Native Americans are clearly entitled to reparations. I would suggest that white people, Asians, and Hispanics should be required to swap places with them, and live on reservations. Black people, whose ancestors came here involuntarily, should be given the option of returning to Africa.

Do you like my chances?

On Bennie and the Jets

Bret Stephens tells us we should be rooting for the complete success of Netanyahu’s assault on Gaza, because if Hamas is destroyed, the Israeli government will be prepared to treat fairly with a more moderate Palestinian leadership. Is he right?

As if! We’ve seen this movie many times before. Israel can’t destroy Hamas, even if it occupies Gaza, because Hamas is the face of Palestinian opposition to Israel in Gaza, and thus has too much popular support. Hamas can only be eradicated in a war of extermination, which isn’t going to happen. For their part, Hamas and the other related militant groups are accomplishing nothing in a military sense by sending all of those rockets over Israel. They are just blowing off steam, as they do periodically. The episode will end in a few days or weeks with a cease-fire and lots of misery and rubble, as usual.
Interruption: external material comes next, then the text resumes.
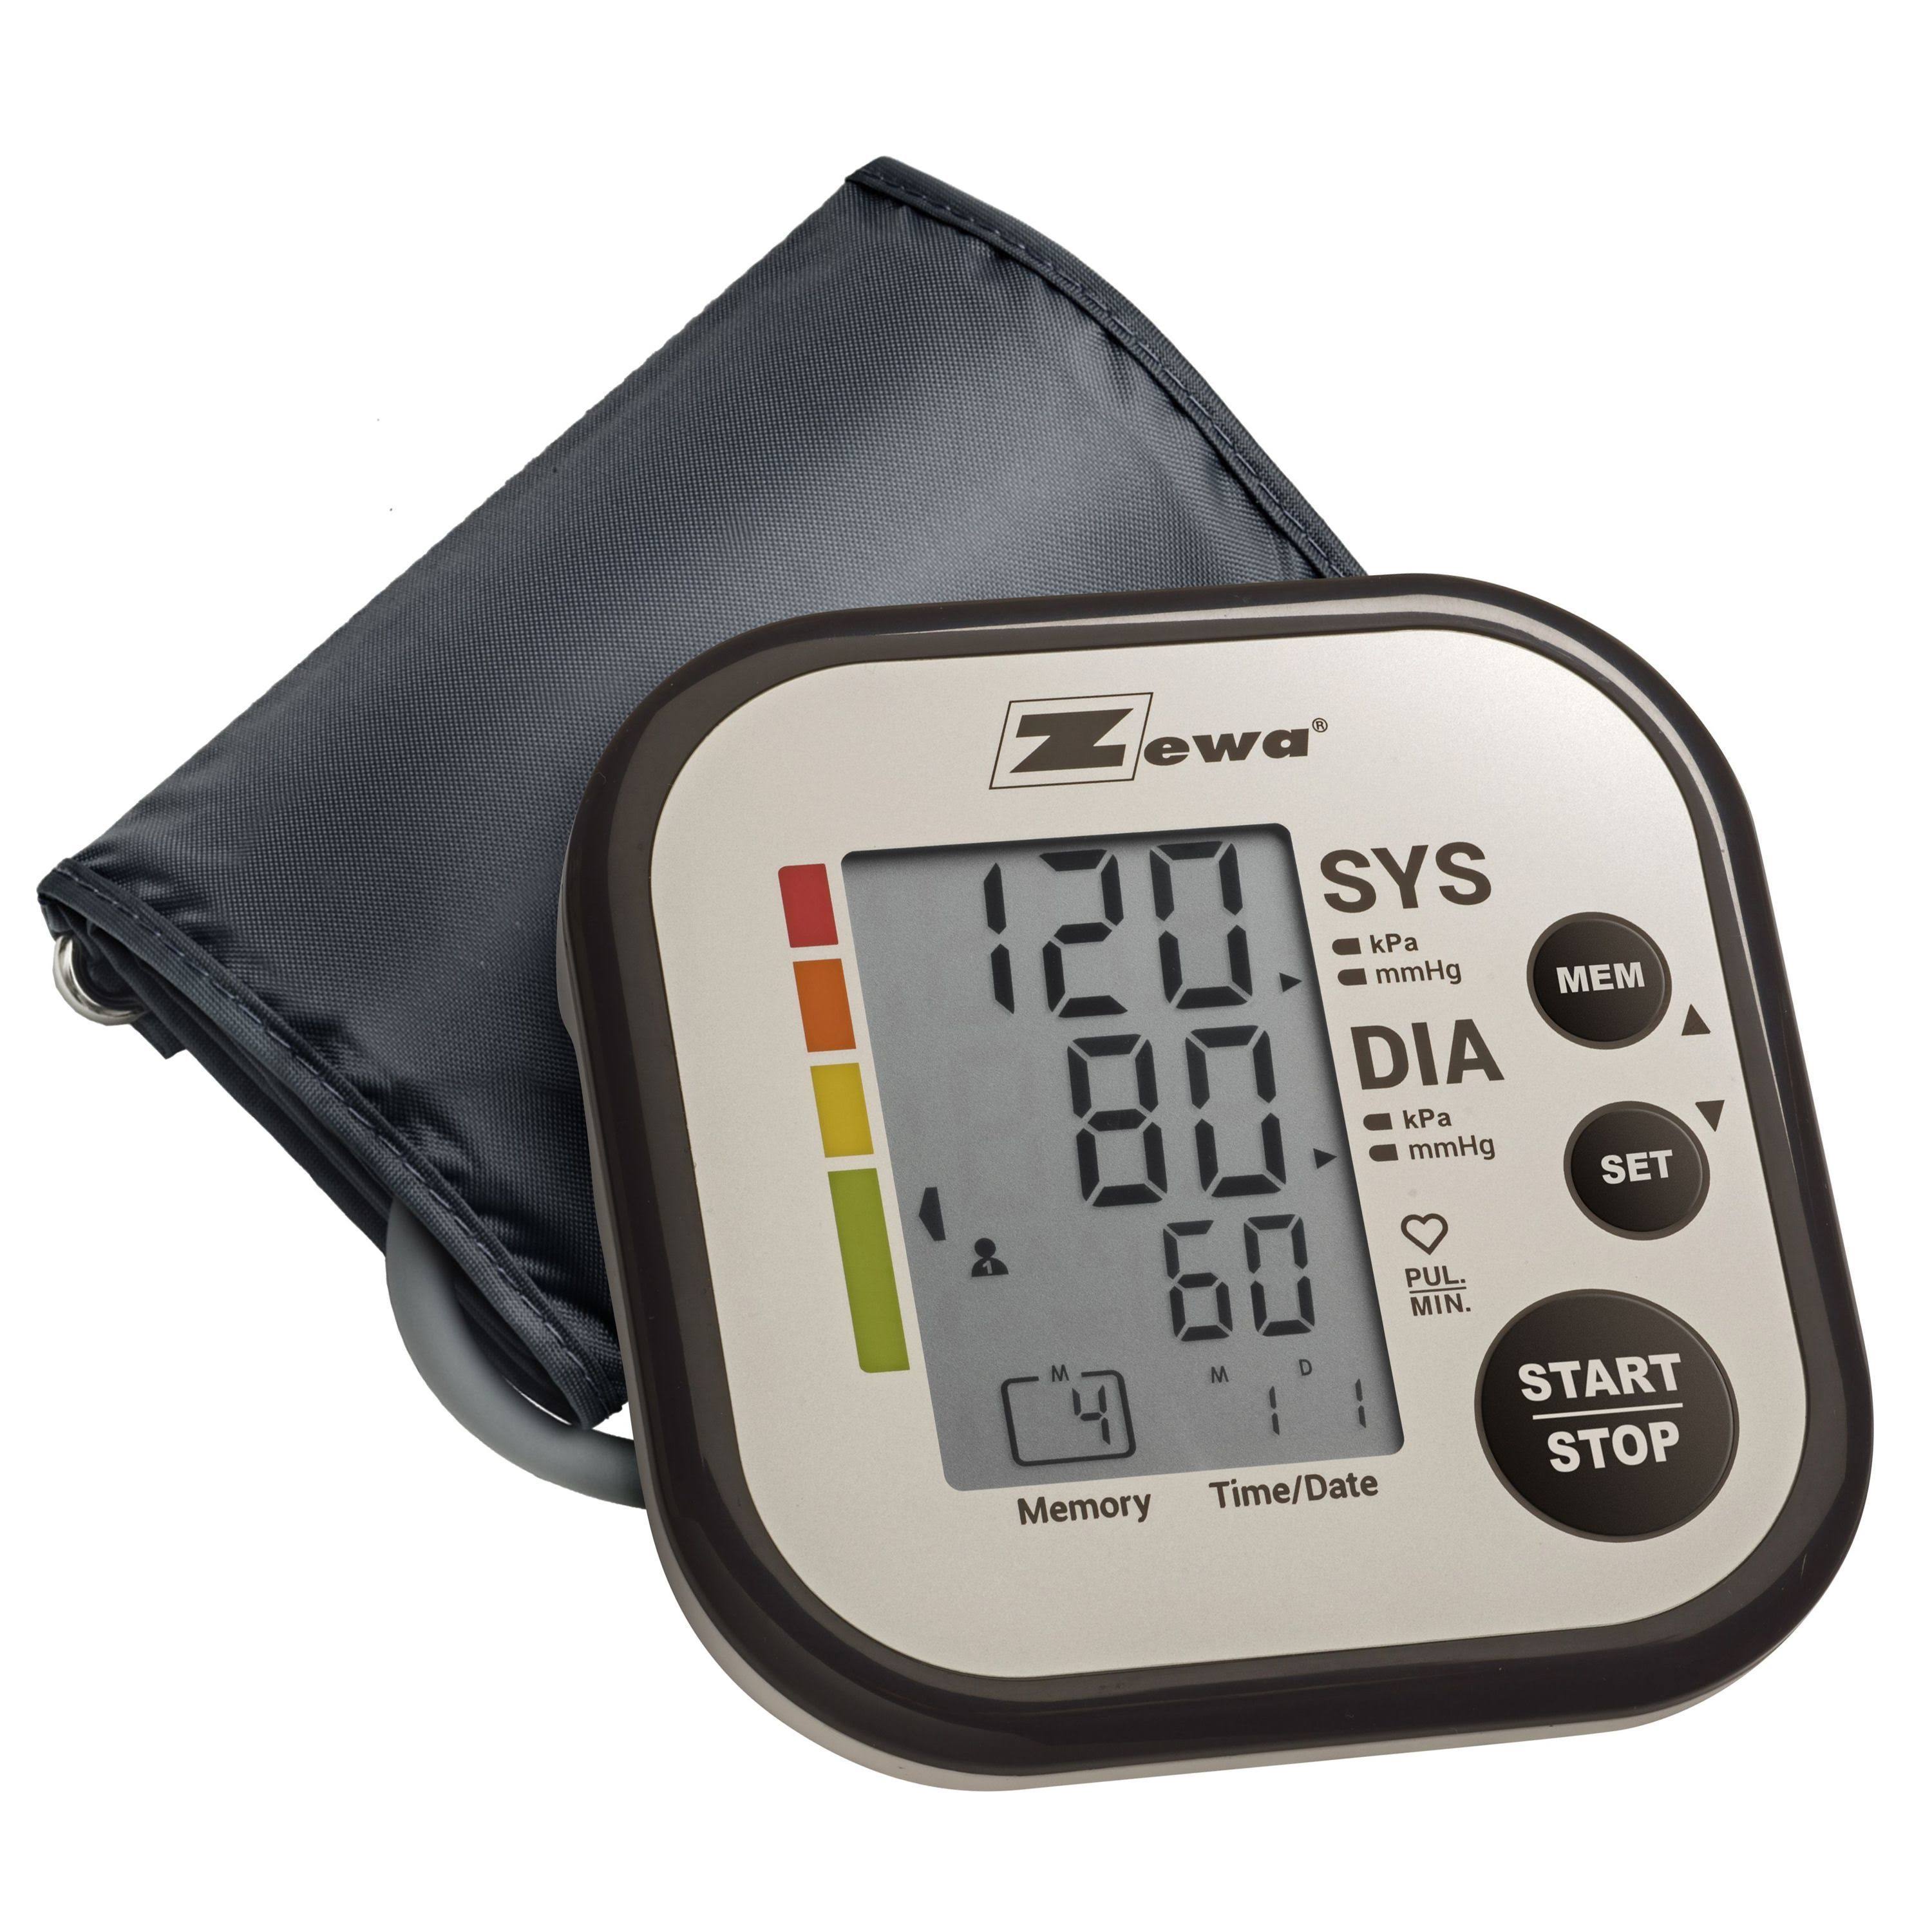 Zewa Uam-710 Automatic Blood Pressure Monitor

The bottom line with Bibi is that he doesn’t negotiate with Palestinians when the country is completely secure, because he doesn’t have to, and he doesn’t negotiate when the country is under threat, because that would be a sign of weakness and could end with an unfavorable deal. Better just not to negotiate, period.

The important development here is the violence within Israel. If Netanyahu had any sense, he would do his best to placate his Arab citizens as quickly as possible. It is much more likely that we will start hearing more loud chatter on the Israeli right about collective punishment and stripping the Arabs of their citizenship, instead.
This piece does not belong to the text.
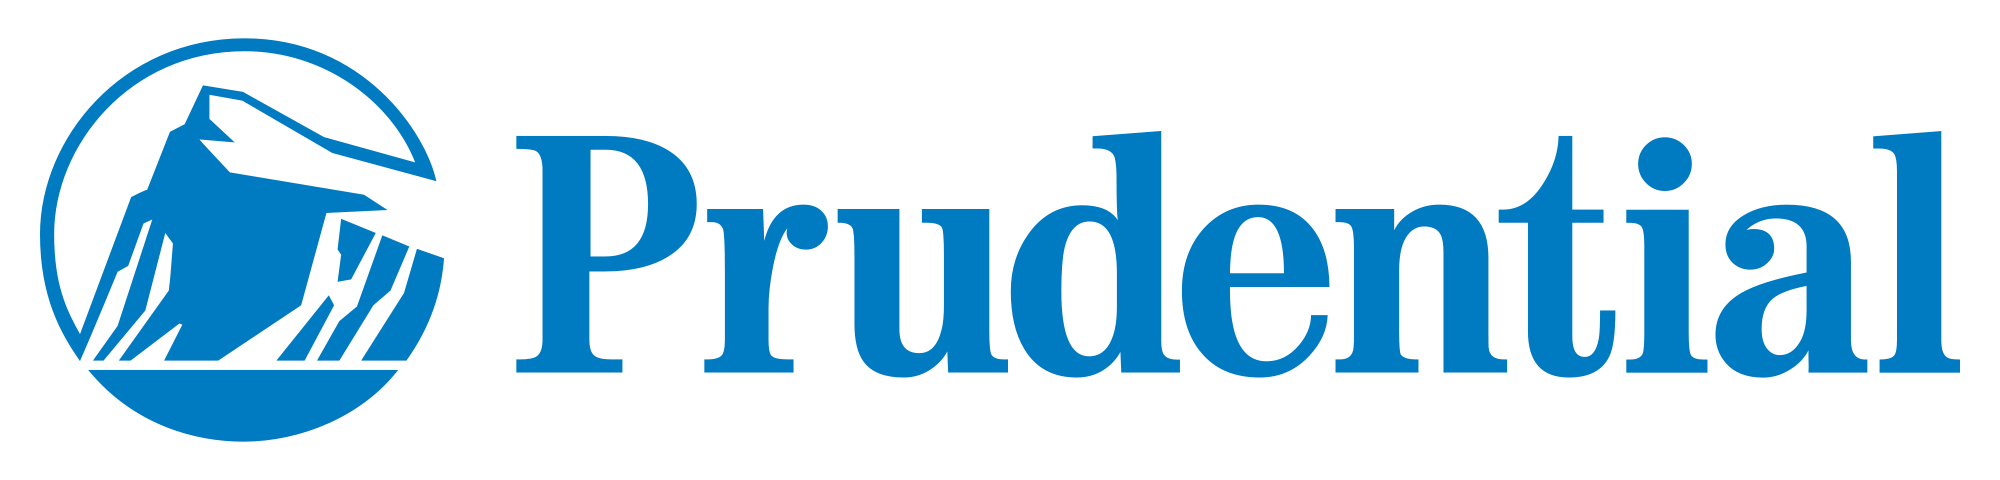 prudential financial logo

On Budapest and Woke Bolsheviks

Our old friend Rod Dreher is at it again. In a lengthy blog post cited in a David Brooks column, he compares wokeness to Bolshevism and worries about “soft totalitarianism.” Mind you, he understands Trump’s weaknesses, and thinks the January 6 rioters were a rabble, but clearly, something has to be done to protect decent, God-fearing Americans from the horrors of the woke menace. What might that be?

Like most of his right-wing apocalypse mongers, he doesn’t say. He doesn’t have to, because he makes a big point of telling us that he is posting from Hungary, which is obviously the New Jerusalem for the cultural right. (He probably loves Putin, as well, but he understands Moscow is a bridge too far for an American) Extreme gerrymandering, the destruction of independent media, the politicization of law enforcement and the judiciary, and so on: illiberal democracy is a small price to pay to prevent the left from setting up a Christian gulag.
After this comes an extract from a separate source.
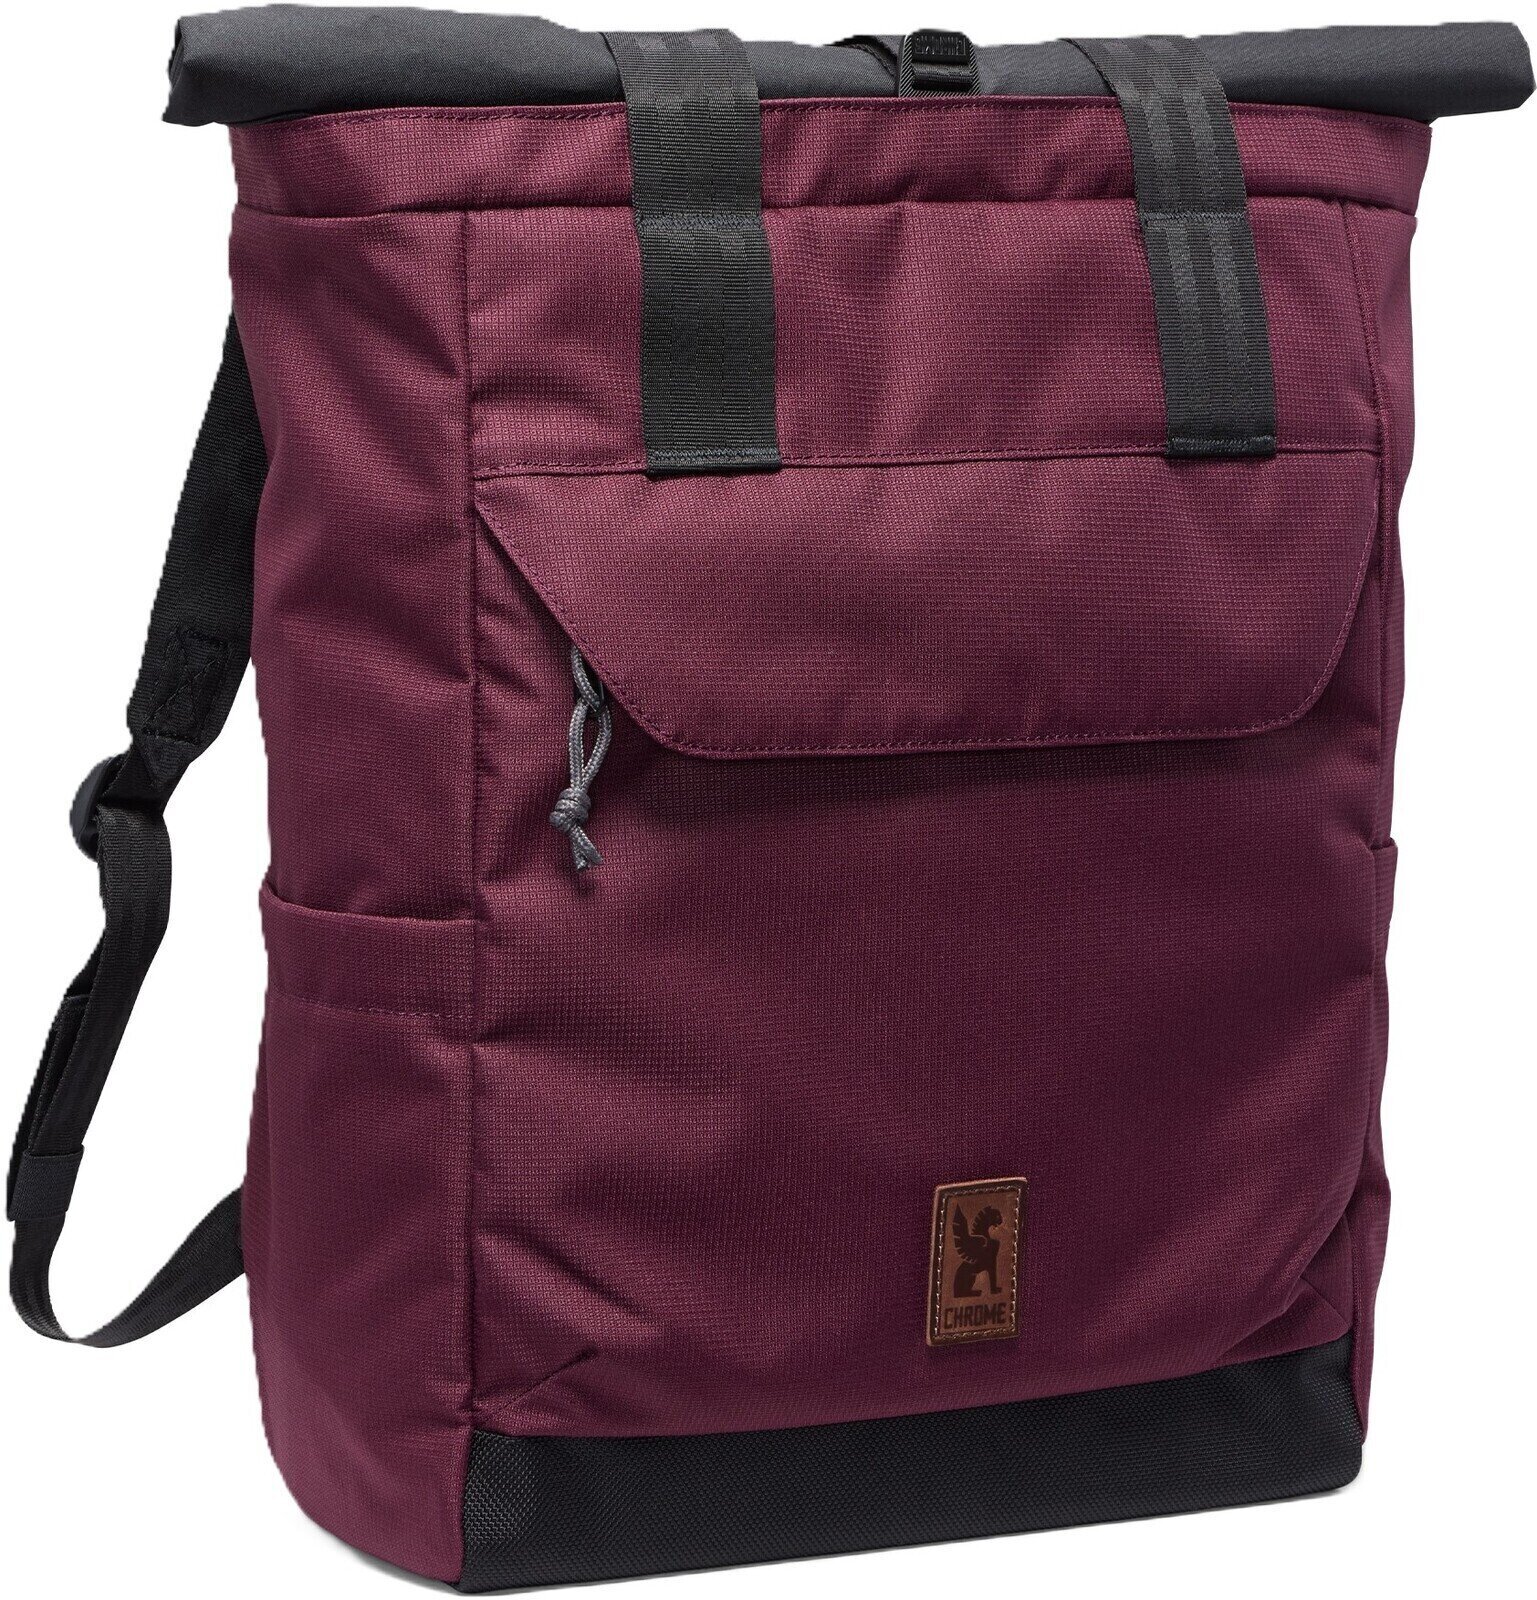 Lifestyle Backpack / Bag Chrome Ruckas Tote Royale 27 L Backpack

I can’t speak to the quality of Dreher’s theology, but he’s a terrible historian, and his analogies are ridiculous. The Bolsheviks were a tiny group of conspirators (mostly in exile) unknown to the vast majority of Russians prior to 1917; they came to power by promising a war-weary public peace, land, and bread, and held it by being single-minded, opportunistic, and, above all, ruthless. The woke crowd is a disorganized group of intellectuals operating perfectly legally in universities and on Twitter; it has no aspirations to overthrow our system, and only seeks to change minds peacefully. Not exactly the same thing.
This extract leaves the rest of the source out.